Information supplied
★ ★ ★ ★ ★
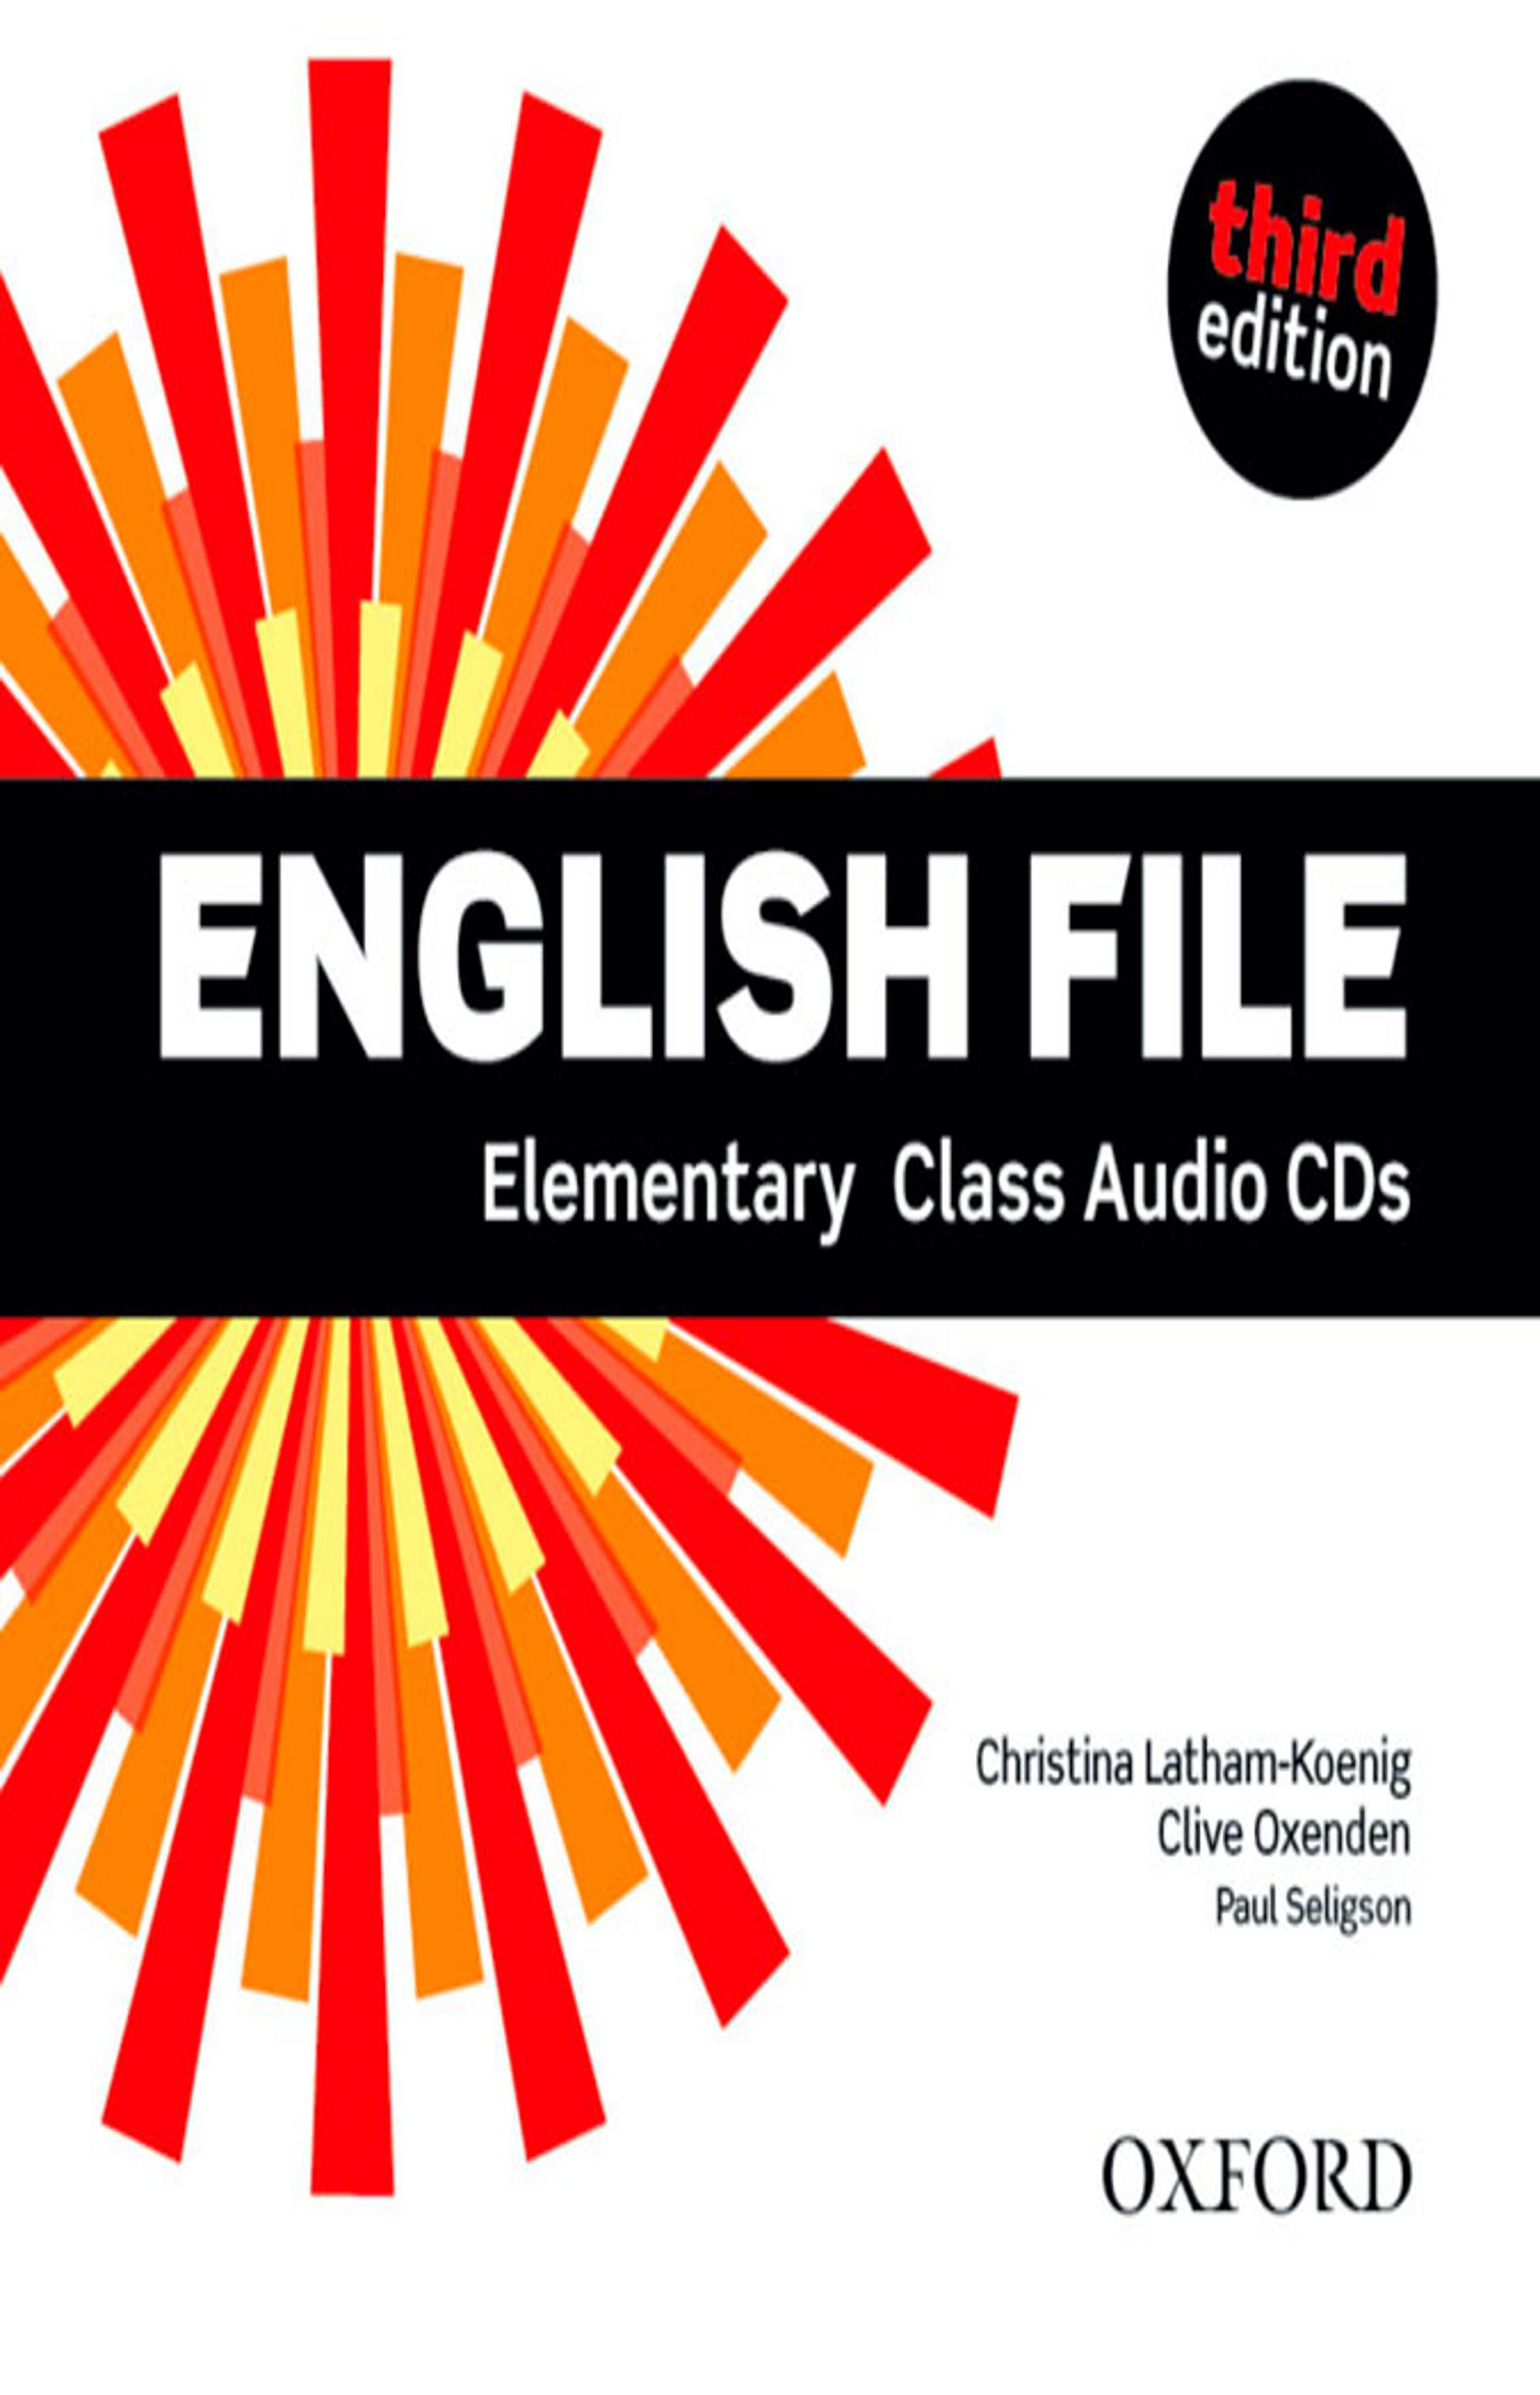 ENGLISH FILE ELEM Class CD 3rd Ed
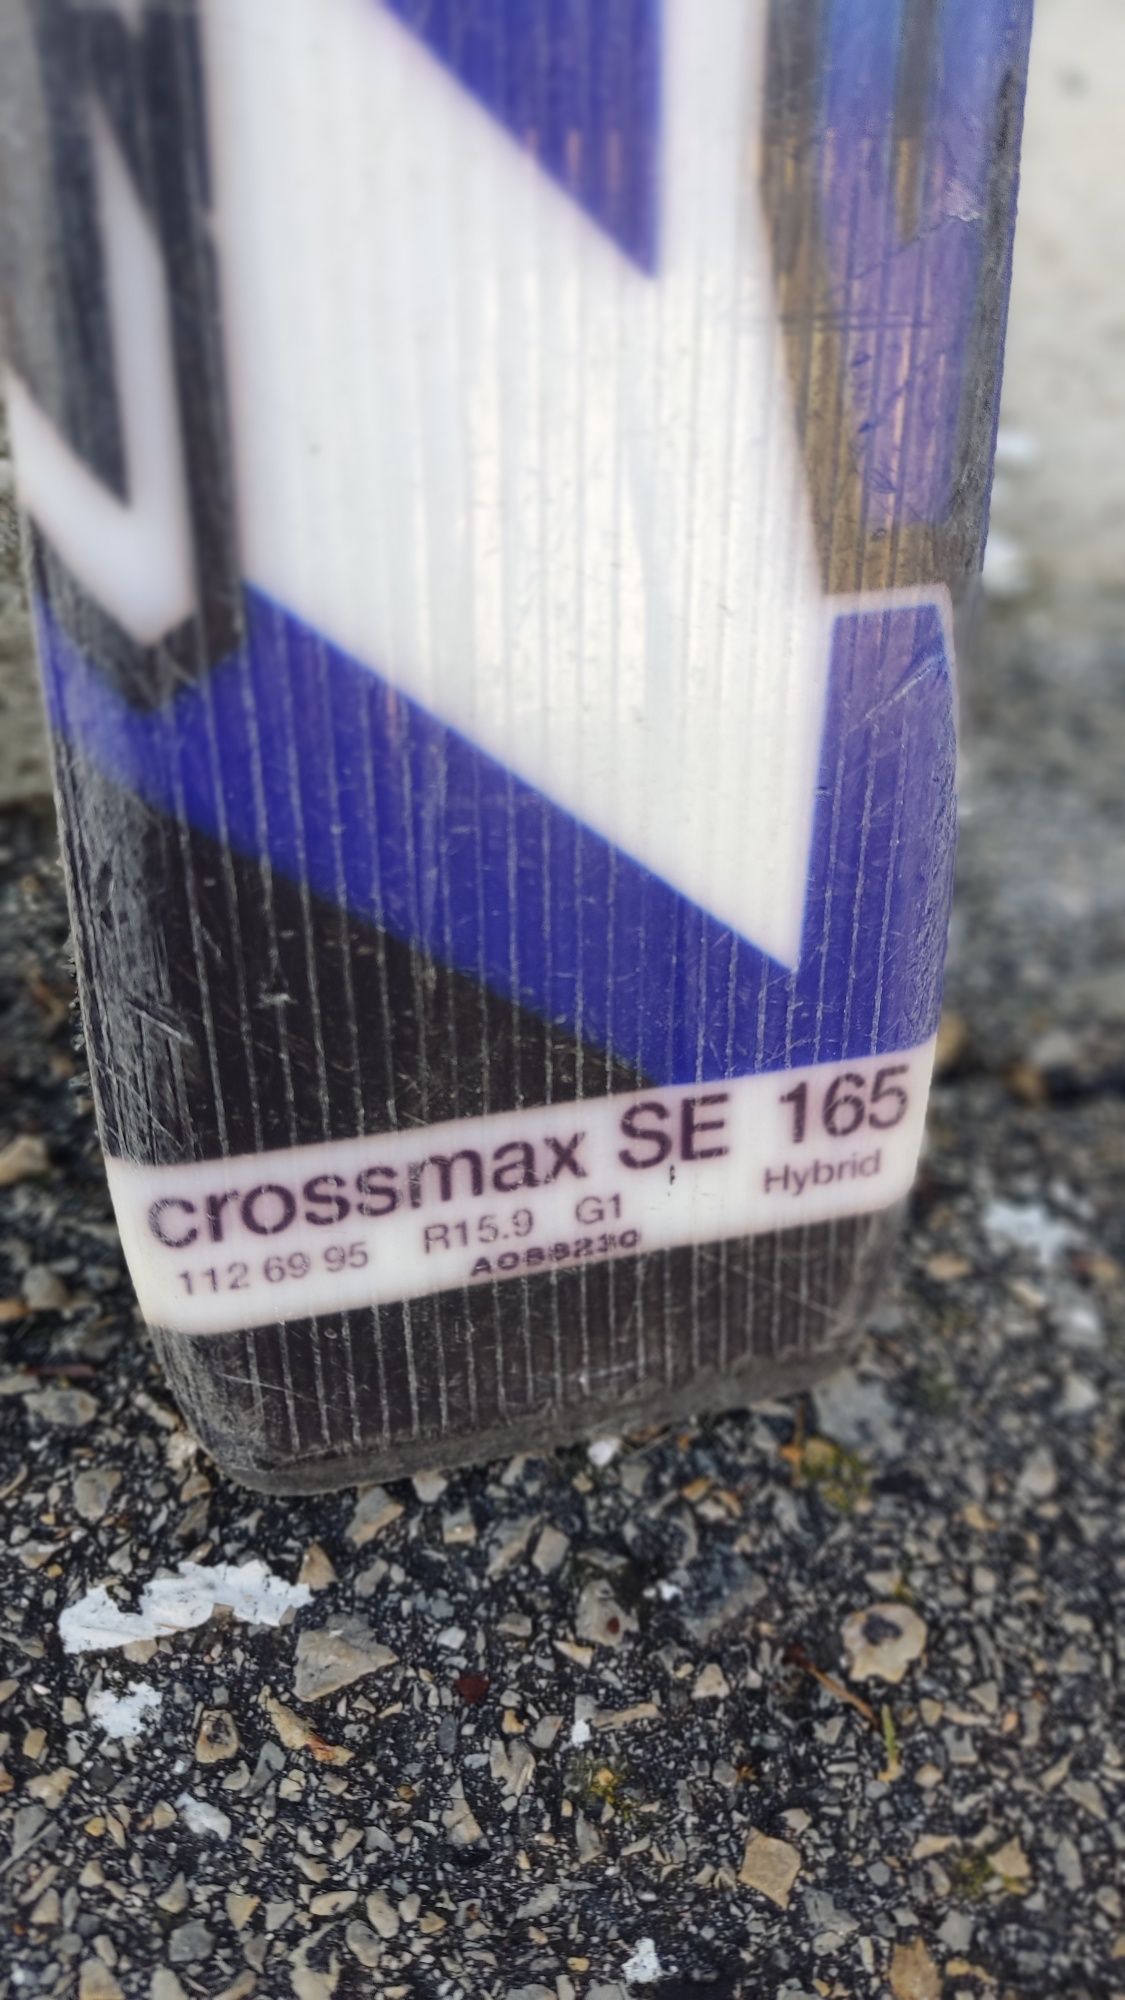 Ски Salomon Cross Max SE 165 cm 112/69/95 R15.9
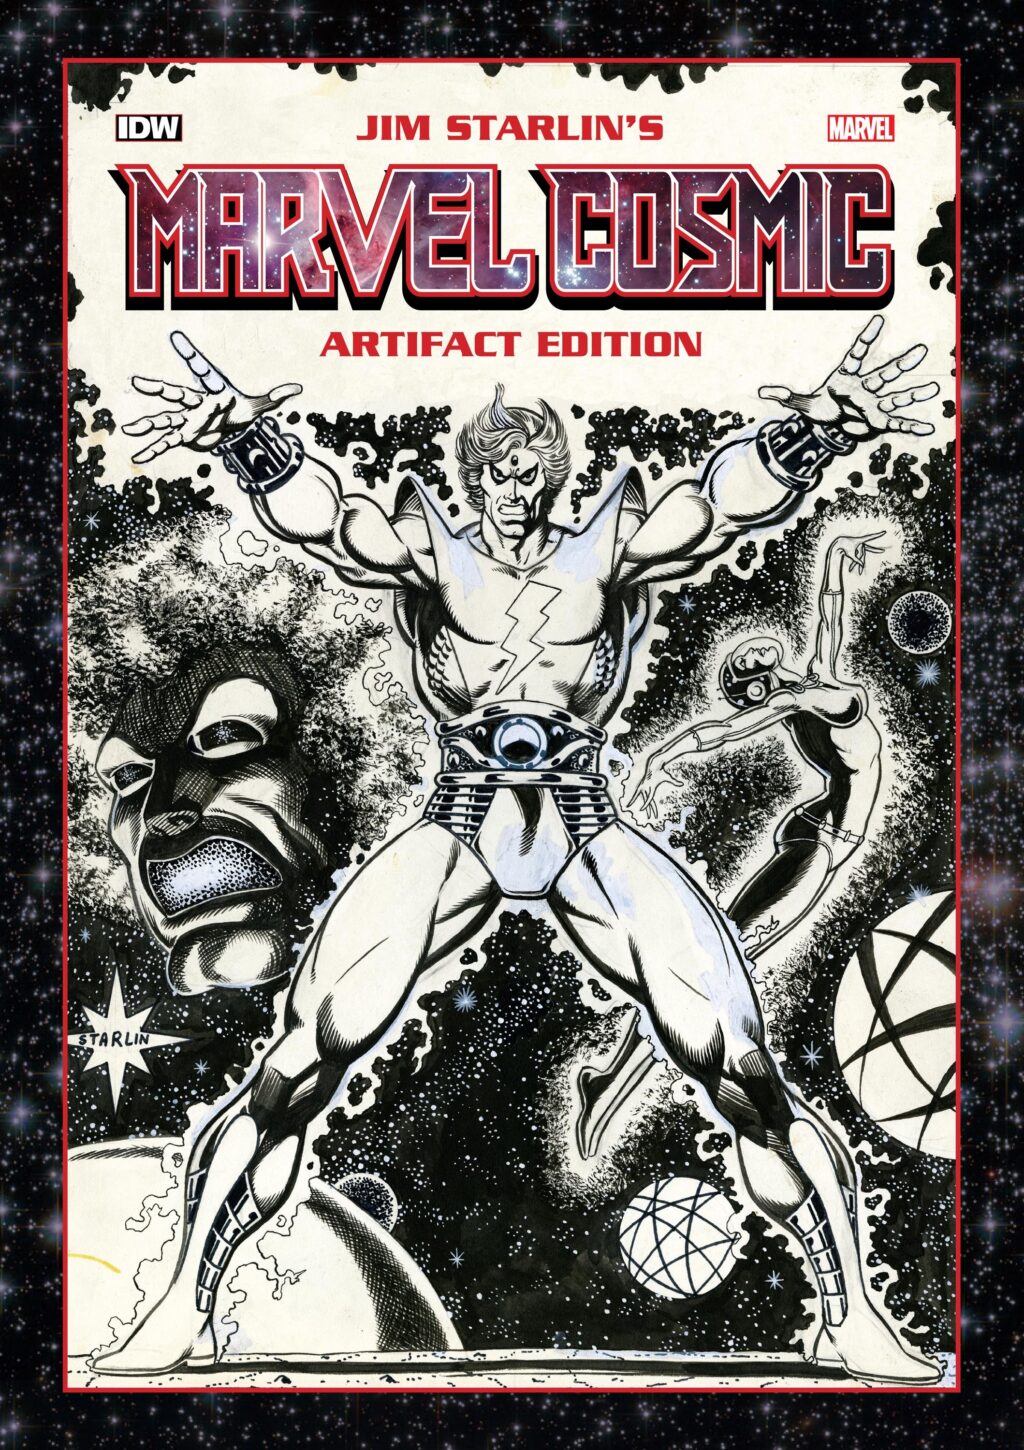 Jim Starlin's Marvel Cosmic Artifact Edition cover prelim
★ ★ ★ ★ ★
Problem requirements
The required output is every line of the data above, set down exactly and stripped of pictures.

Response to the task
 ENGLISH FILE ELEM Class CD 3rd Ed
 Ски Salomon Cross Max SE 165 cm 112/69/95 R15.9
 Jim Starlin's Marvel Cosmic Artifact Edition cover prelim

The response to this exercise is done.